Computer and Machine Vision: Theory, Algorithms, Practicalities (previously entitled Machine Vision) clearly and systematically presents the basic methodology of computer and machine vision, covering the essential elements of the theory while emphasizing algorithmic and practical design constraints. This fully revised fourth edition has brought in more of the concepts and applications of computer vision, making it a very comprehensive and up-to-date tutorial text suitable for graduate students, researchers and R&D engineers working in this vibrant subject.

Key features include:

  • Practical examples and case studies give the 'ins and outs' of developing real-world vision systems, giving engineers the realities of implementing the principles in practice.
  • New chapters containing case studies on surveillance and driver assistance systems give practical methods on these cutting-edge applications in computer vision.
  • Necessary mathematics and essential theory are made approachable by careful explanations and well-illustrated examples.
  • Updated content and new sections cover topics such as human iris location, image stitching, line detection using RANSAC, performance measures, and hyperspectral imaging.
  • The 'recent developments' section now included in each chapter will be useful in bringing students and practitioners up to date with the subject.

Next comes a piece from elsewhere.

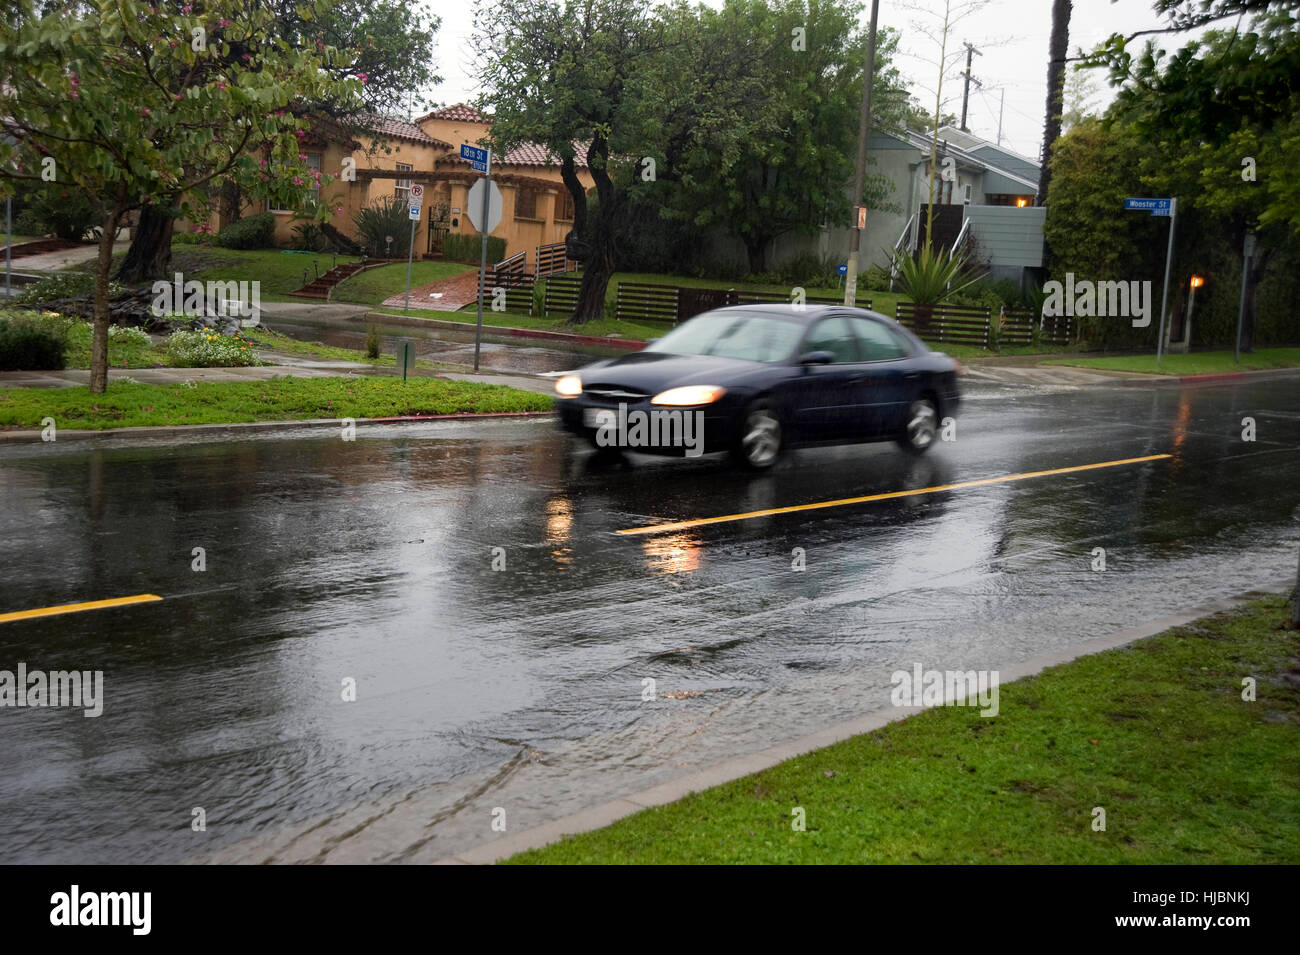 Car driving in rain on wet streets Stock Photo

Roy Davies is Emeritus Professor of Machine Vision at Royal Holloway, University of London. He has worked on many aspects of vision, from feature detection to robust, real-time implementations of practical vision tasks. His interests include automated visual inspection, surveillance, vehicle guidance and crime detection. He has published more than 200 papers, and three books - Machine Vision: Theory, Algorithms, Practicalities (1990), Electronics, Noise and Signal Recovery (1993), and Image Processing for the Food Industry (2000); the first of these has been widely used internationally for more than 20 years, and is now out in this much enhanced fourth edition. Roy holds a DSc at the University of London, and has been awarded Distinguished Fellow of the British Machine Vision Association, and Fellow of the International Association of Pattern Recognition.

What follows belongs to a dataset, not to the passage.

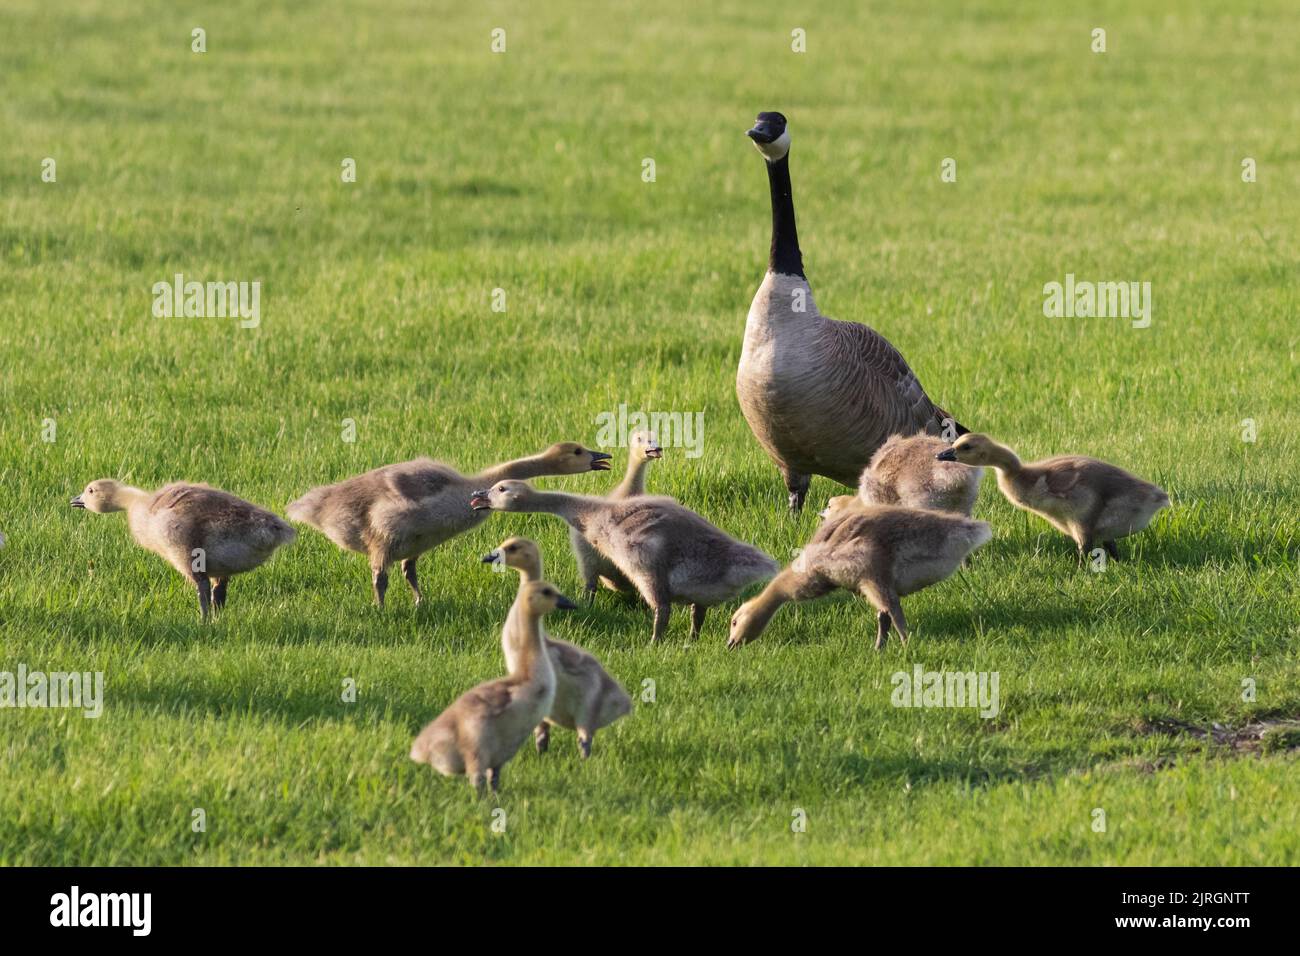 Canada geese with young at the Nature Discovery Sanctuary in Winkler, Manitoba, Canada. Stock Photo

    • Mathematics and essential theory are made approachable by careful explanations and well-illustrated examples.
    • Updated content and new sections cover topics such as human iris location, image stitching, line detection using RANSAC, performance measures, and hyperspectral imaging.
    • The 'recent developments' section now included in each chapter will be useful in bringing students and practitioners up to date with the subject.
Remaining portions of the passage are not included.